ACL rules and categories in Redis - Time & Space Complexity
When working with Redis ACL rules and categories, it's important to understand how the time to check permissions grows as the number of rules increases.
We want to know how Redis handles checking many ACL rules and what affects the speed.
Analyze the time complexity of checking ACL rules for a command.
ACL SETUSER alice on >password ~* +@all
ACL SETUSER bob on >password ~cache:* +@read
ACL LIST
ACL GETUSER alice
ACL CAT
This snippet shows setting users with ACL rules, listing them, and retrieving categories.
Look at what repeats when Redis checks ACL rules.
- Primary operation: Checking each ACL rule or category against the command or key pattern.
- How many times: Once per rule or category during permission checks.
As the number of ACL rules or categories grows, Redis checks more rules to find matches.

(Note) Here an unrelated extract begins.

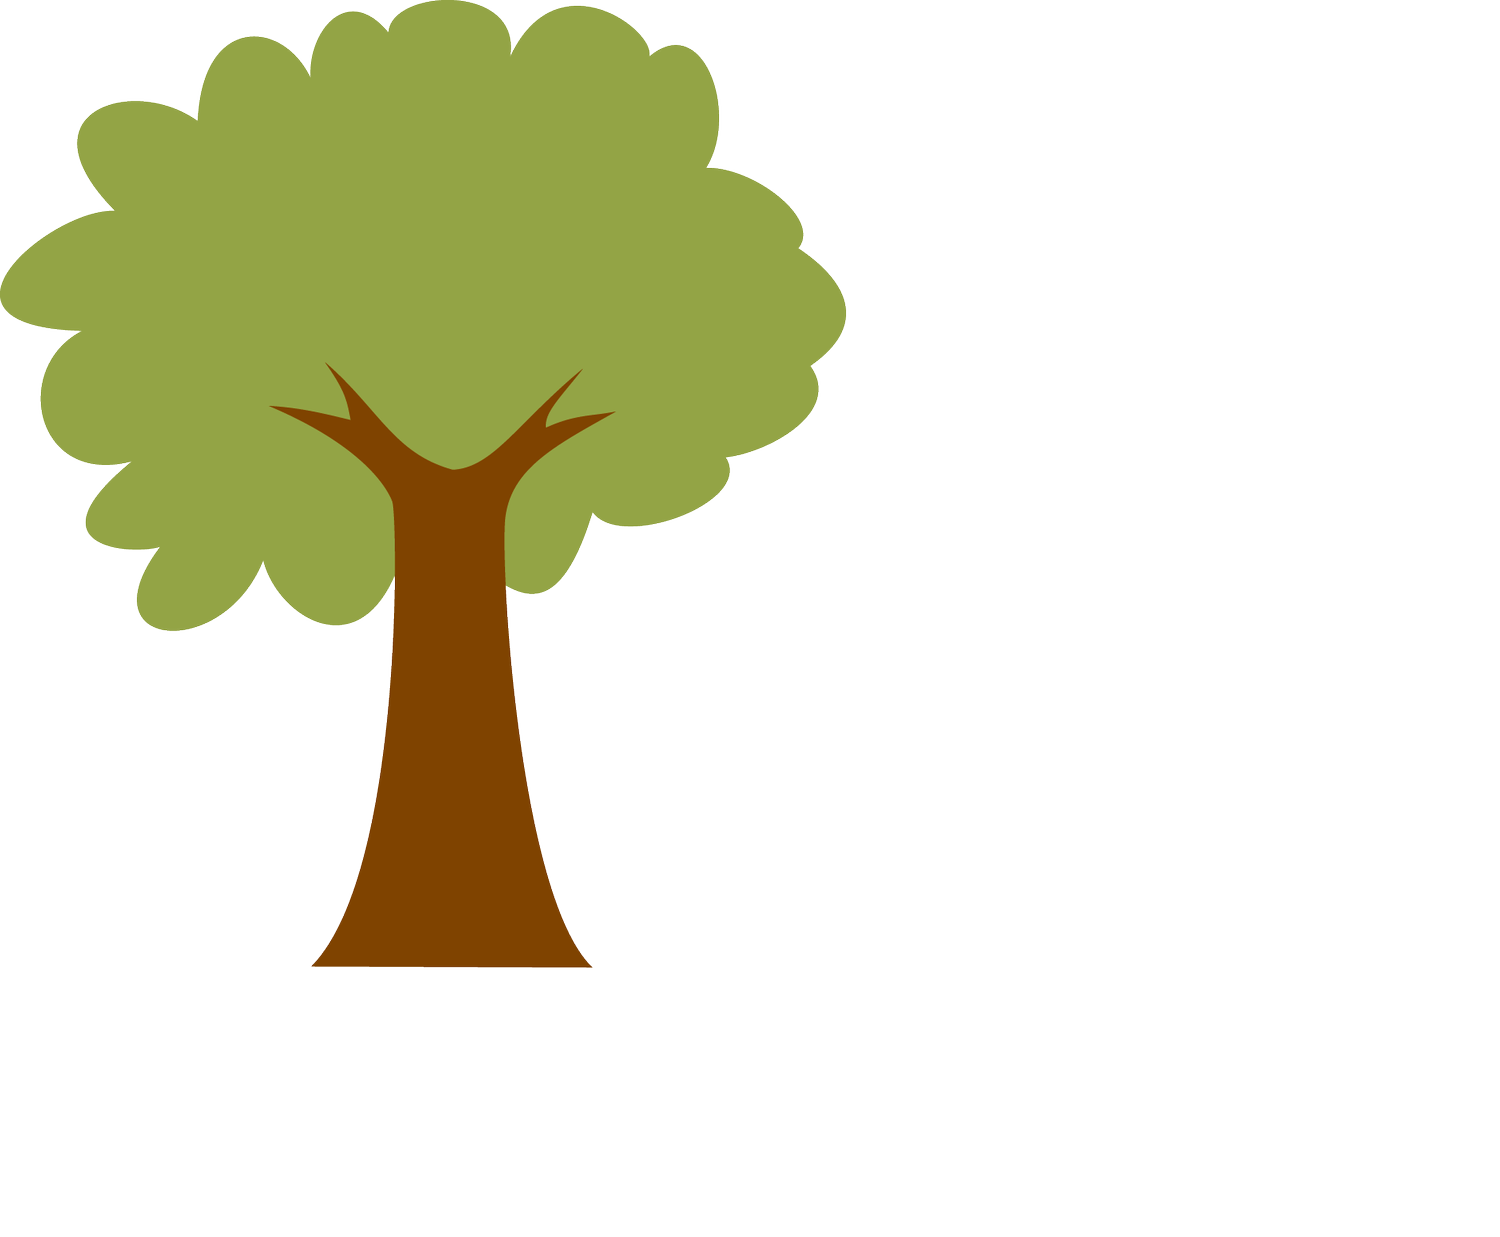 The Haiti Tree Project

| Input Size (number of rules) | Approx. Operations |
|---|---|
| 10 | 10 checks |
| 100 | 100 checks |
| 1000 | 1000 checks |
Pattern observation: The number of checks grows directly with the number of rules.
Time Complexity: O(n)
This means the time to check permissions grows in a straight line as you add more ACL rules.
[X] Wrong: "Checking ACL rules is instant no matter how many rules exist."
[OK] Correct: Each rule must be checked to see if it applies, so more rules mean more work.
Understanding how ACL rule checks scale helps you explain system behavior and design efficient permission checks in real projects.
"What if Redis used a hash map to store ACL rules by command? How would the time complexity change?"